The gates were not shut, nor were they locked. One gate stood fast, as if still spellbound. But the other had broken, and now it swung by one hinge, back and forth, back and forth in the hot, unceasing wind. And, as it blew back and forth slowly in the breeze, it gave forth a shrill, high-pitched shriek.

“It’s not locked,” said Tas in disappointment. His small hand had already been reaching for his lockpicking tools.

“No,” said Caramon, staring up at the squeaking hinge. “And there’s the voice we heard—the voice of rusty metal.” He supposed he should have been relieved, but it only deepened the mystery. “If it wasn’t Par-Salian or someone up there”—his eyes went to the Tower that stood, black and apparently empty before them—“who got us through the Forest, then who was it?”

“Maybe no one,” Tas said hopefully. “If no one’s here, Caramon, can we leave?”

“There has to be someone,” Caramon muttered. “Something made those trees let us pass.”

Tas sighed, his head drooping. Caramon could see him in the moonlight, his small face pale and covered with grime. There were dark shadows beneath his eyes, his lower lip quivered, and a tear was sneaking down one side of his small nose.

Caramon patted him on the shoulder. “Just a little longer,” he said gently. “Hold out just a little longer, please, Tas?”

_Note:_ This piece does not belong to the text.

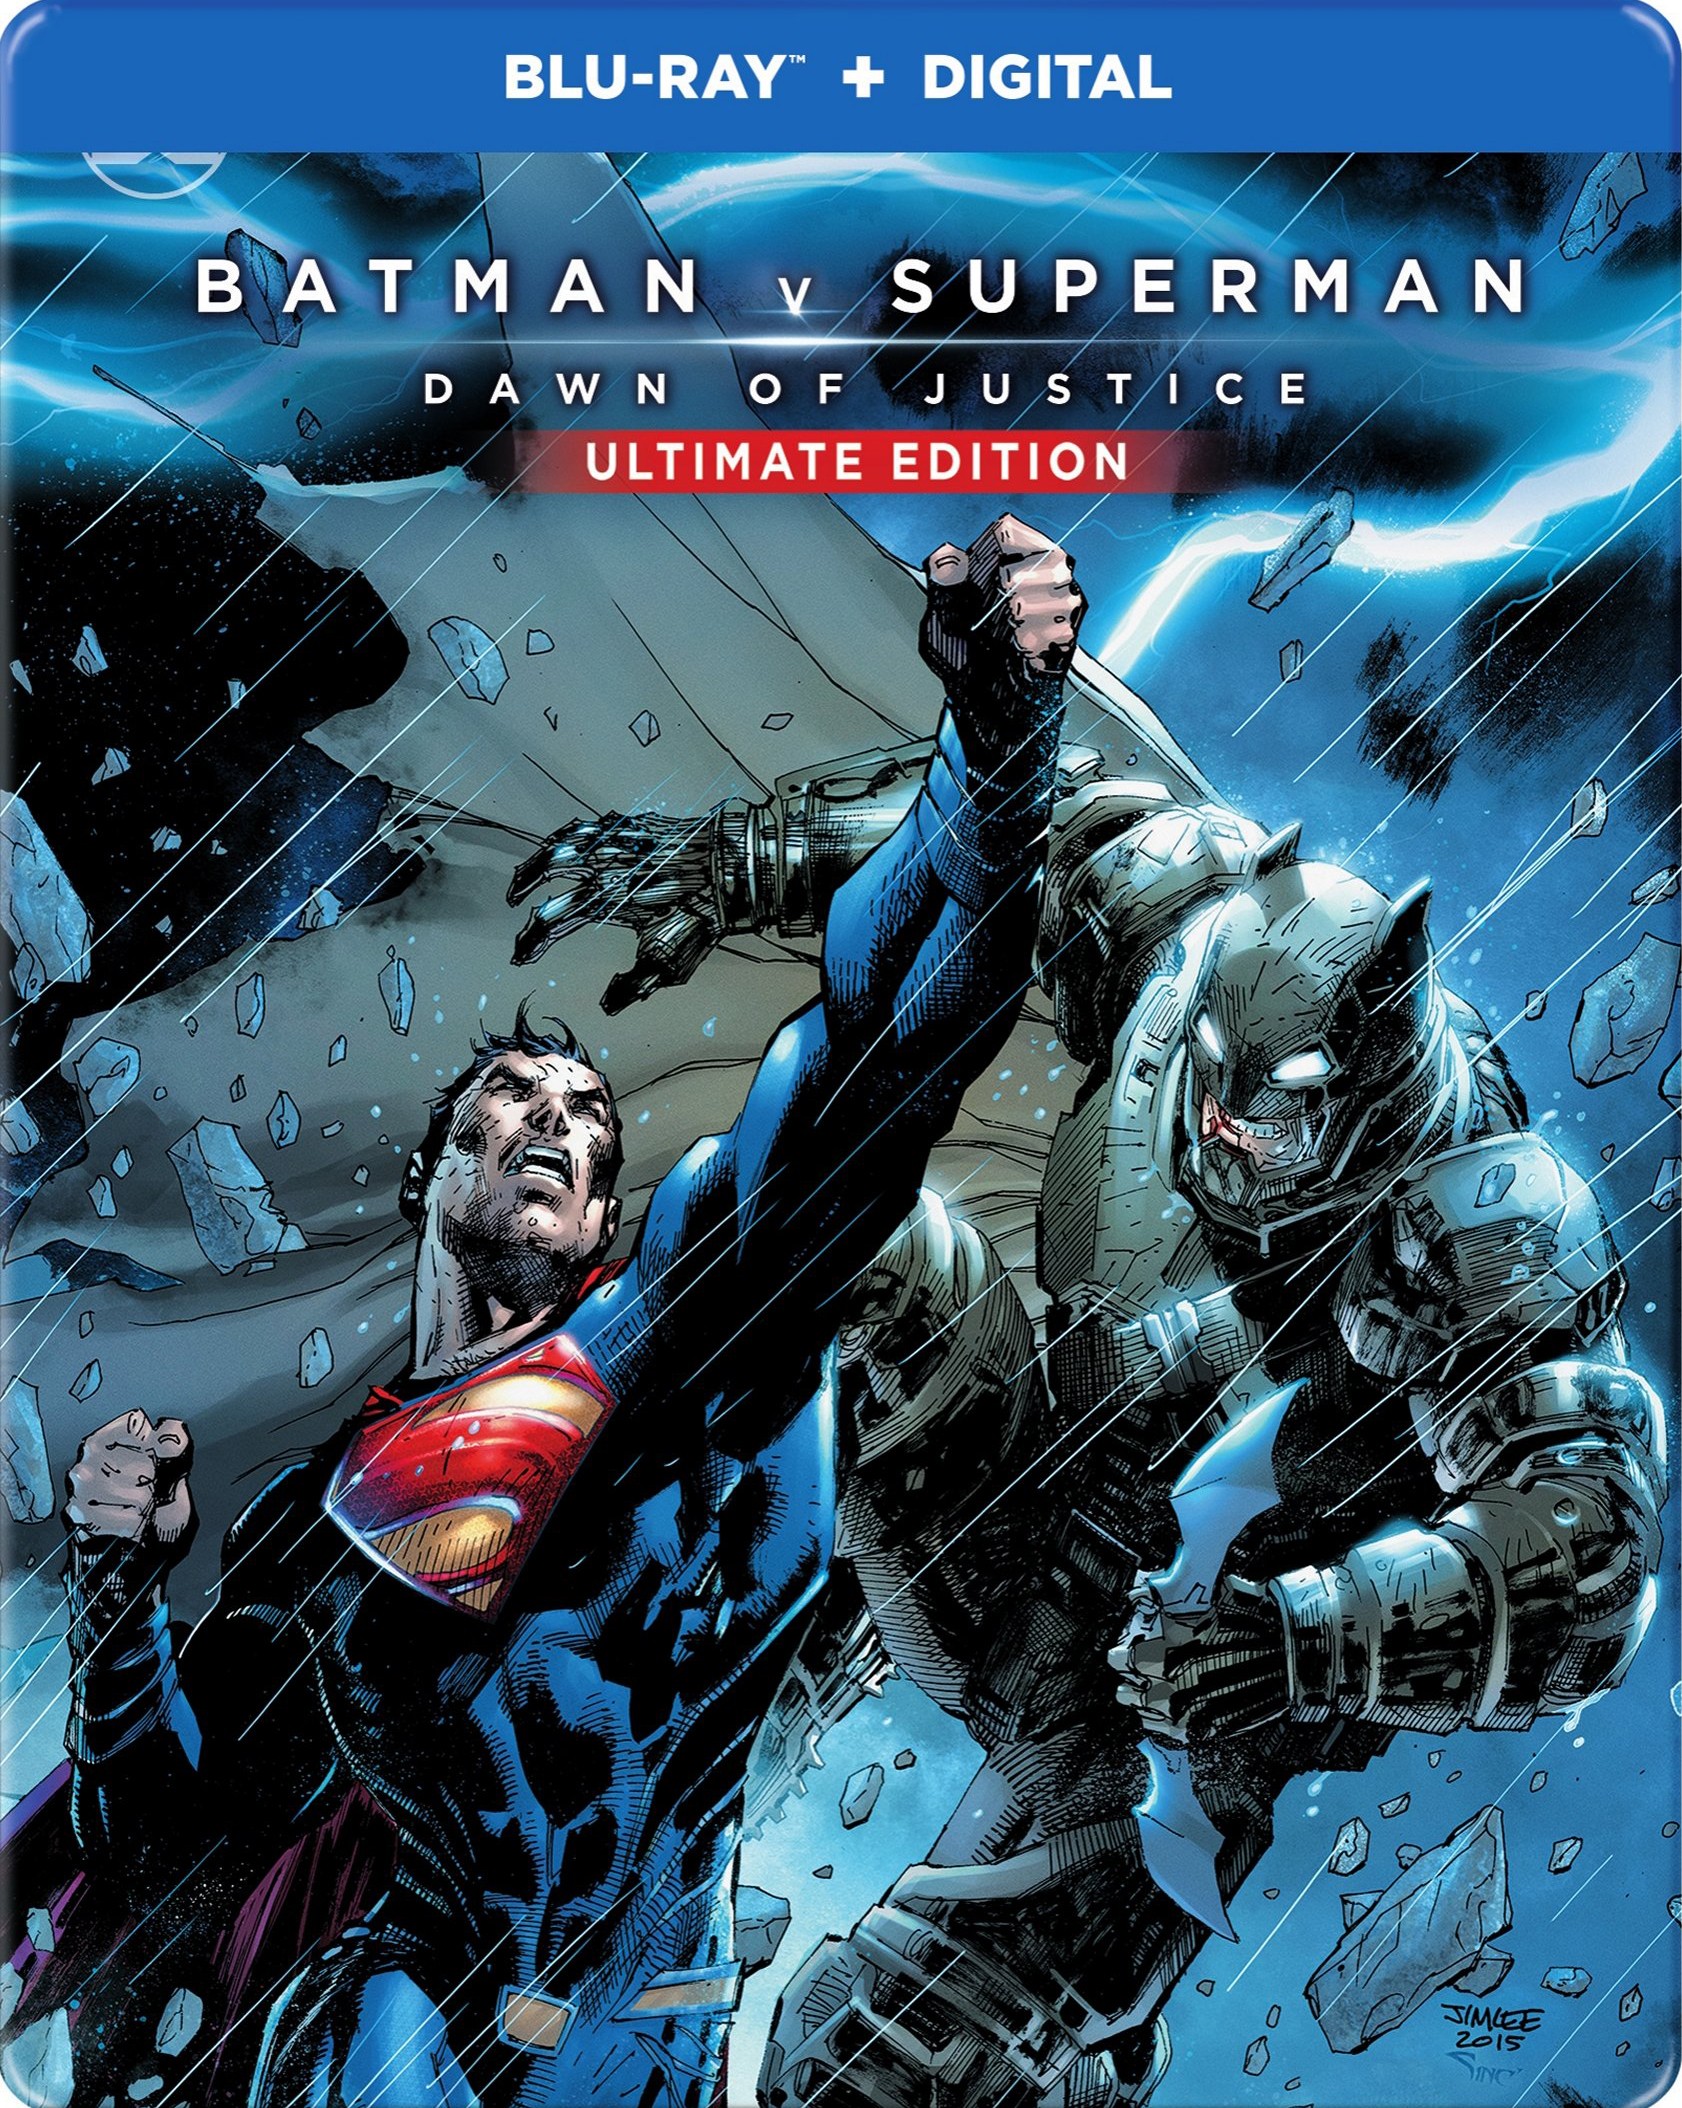 Arriba 42+ imagen batman v superman dawn of justice blu ray steelbook

Looking up quickly, swallowing that traitor tear and its partner that had just dripped into his mouth, Tas grinned cheerfully. “Sure, Caramon,” he said. Not even the fact that his throat was aching and parched with thirst could keep him from adding, “You know me—always ready for adventure.

There’s bound to be lots of magical, wonderful things in there, don’t you think?” he added, glancing at the silent Tower. “Things no one would miss. Not magical rings, of course. I’m finished with magical rings. First one lands me in a wizard’s castle where I met a truly wicked demon, then the next turns me into a mouse. I—”

Letting Tas prattle on, glad that the kender was apparently feeling back to normal, Caramon hobbled forward and put his hand upon the swinging gate to shove it to one side. To his amazement, it broke off—the weakened hinge finally giving way The gate clattered to the gray paving stone beneath it with a clang that made both Tas and Caramon cringe. The echoes bounded off the black, polished walls of the Tower, resounding through the hot night and shattering the stillness.

“Well, now they know we’re here,” said Tas.